Orion first. Actually Google did not announce “Orion” – which is a search technology it purchased in 2006, along with it’s college-student developer Ori Allon. But my guess is that thanks to Greg Sterling’s new article containing that title the term “Orion Release” will stick. Here’s how Danny Sullivan described the technology back in April 2006:
It sounds like Allon mainly developed an algorithm useful in pulling out better summaries of web pages. In other words, if you did a search, you’d be likely to get back extracted sections of pages most relevant to your query.
Ori himself wrote the following in his press release:
Orion finds pages where the content is about a topic strongly related to the key word.
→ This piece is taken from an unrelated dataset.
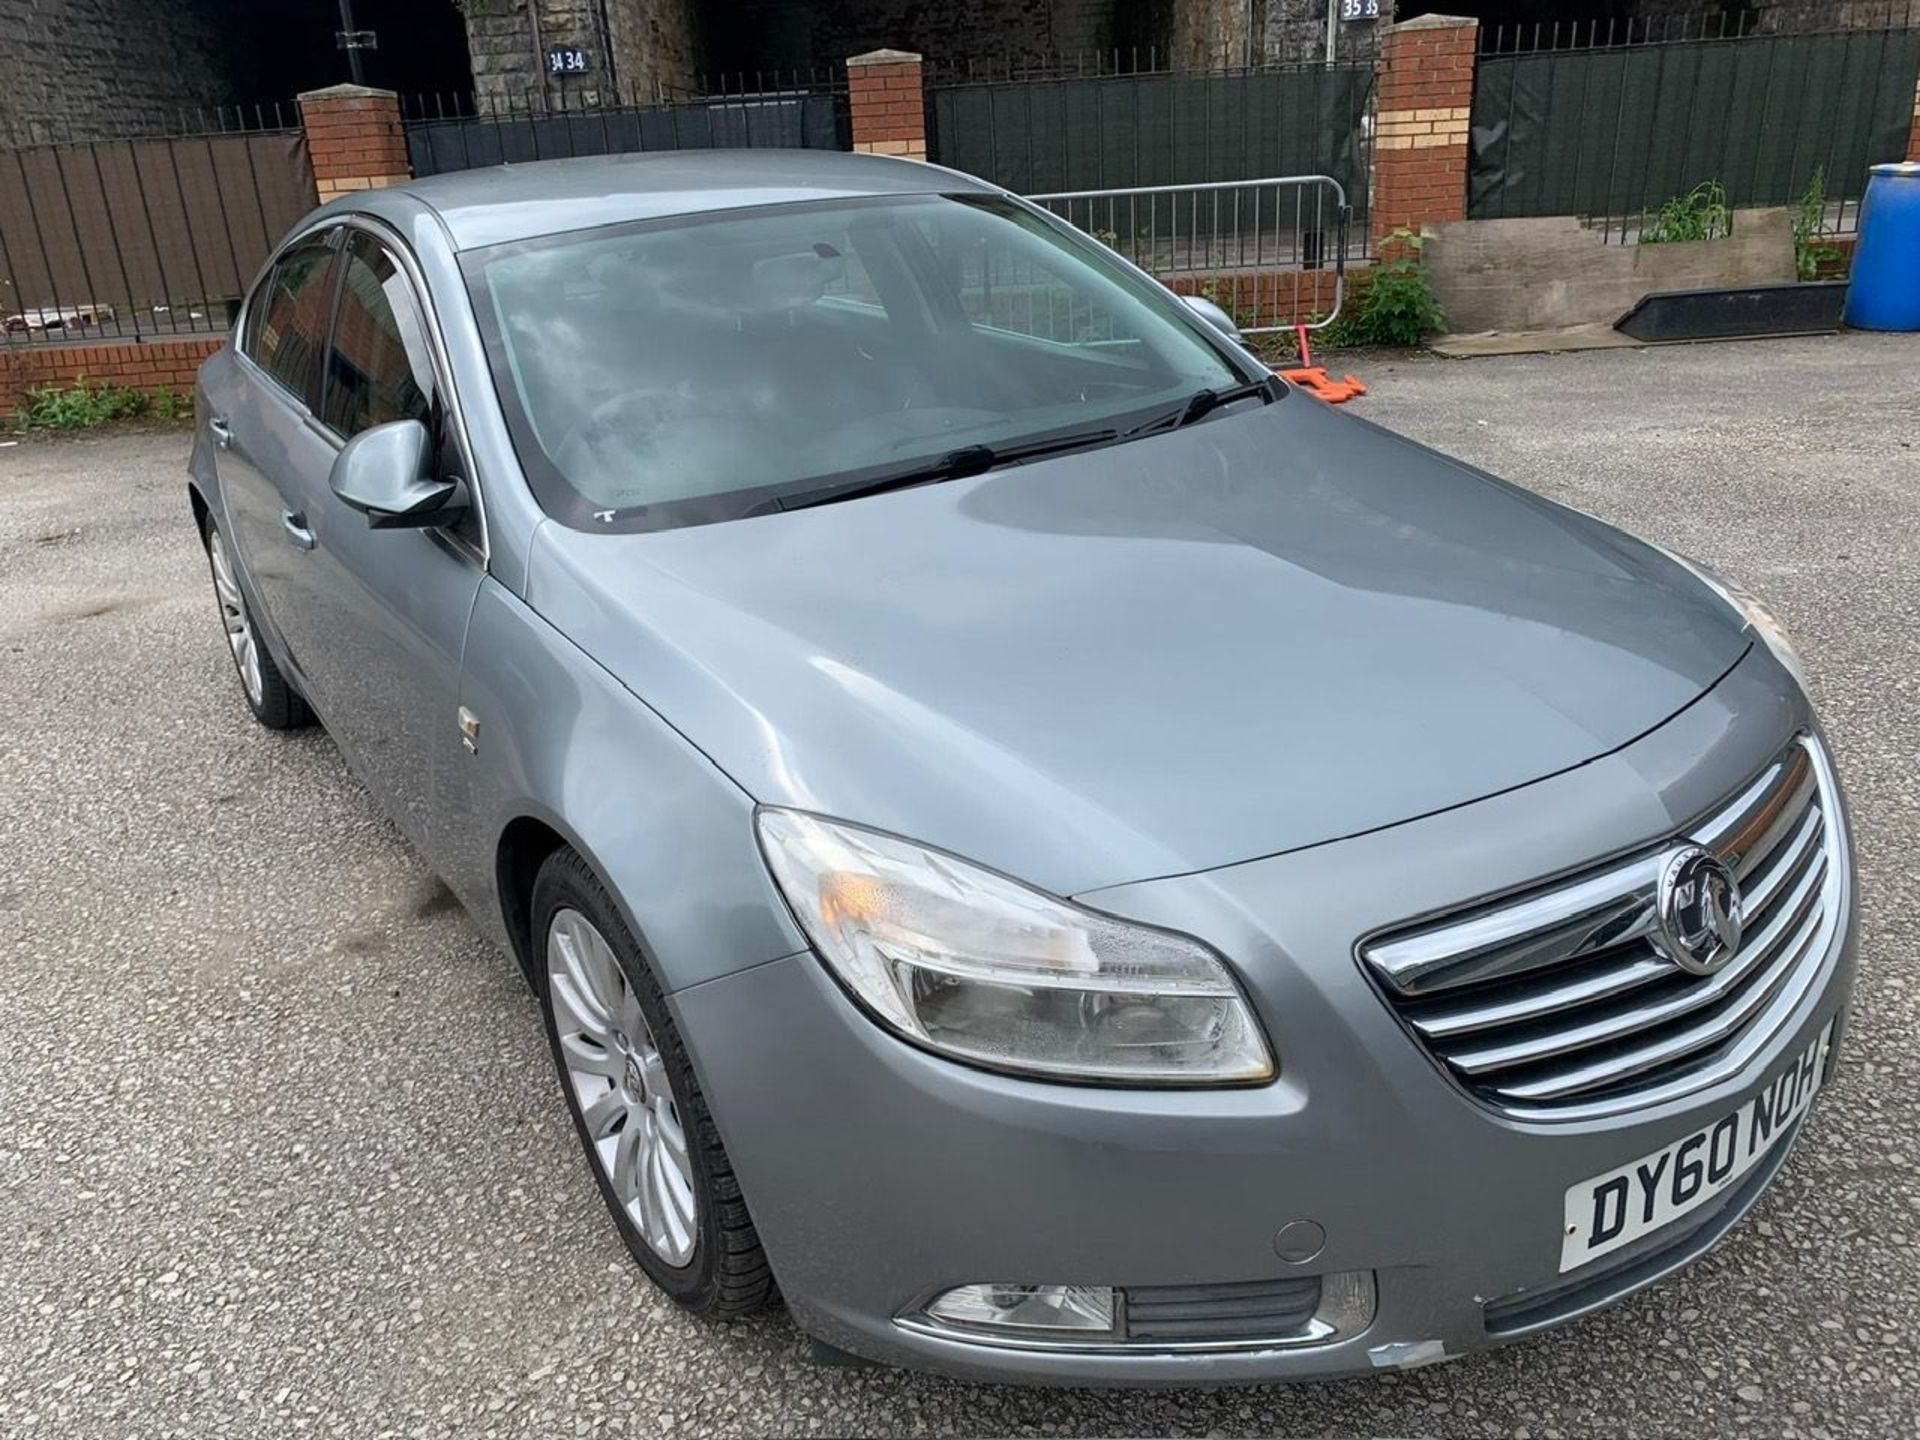 DY60 NOH VAUXHALL INSIGNIA Silver Diesel First Registration: 21.09.10 Mot: 23.01.25 Mileage: 122,856 - Image 2 of 10

It then returns a section of the page, and lists other topics related to the key word so the user can pick the most relevant.
Google actually announced two changes:
Longer Snippets. When users input queries of more than three words, the Google results will now contain more lines of text in order to provide more information and context. As a reminder, a snippet is a search result that starts with a dark blue title and is followed by a few lines of text. Google’s research must have shown that regular-length snippets were not providing enough information to searchers to provide a clear preference for a result based on their longer search term – as their stated intent is to provide enhanced information that will improve the searcher’s ability to determine the relevance of items listed in the SERPs.
Having said this, I don’t see any difference. My slav…. I mean my 12-yo son (who has been doing keyword analysis since he was 10, so no slouch at this) ran ten tests on Google to see if we could find a difference (I won’t detail all the one- and two- vs 3+ word combinations we tried – if you want to have the list, leave a comment or send a twitter to arthurofsun and I will forward it to you). But shown below are the results for France Travel vs France Travel Guides for Northern France:
As you can see, there is absolutely no difference in snippet length for the two searches - and this was universally true across all the searches we ran. So I’m not sure – I wonder if Ori Allon, who wrote the post, could help us out on this one.
Also, I am somewhat confused. If you type in more keywords, the search engine has more information by which to determine the relevance of a result. So why would I need more information? Where I need more information is in the situation of a 3- keyword search, which will return a broad set of results that I will need to filter based on the information contained in a longer snippet.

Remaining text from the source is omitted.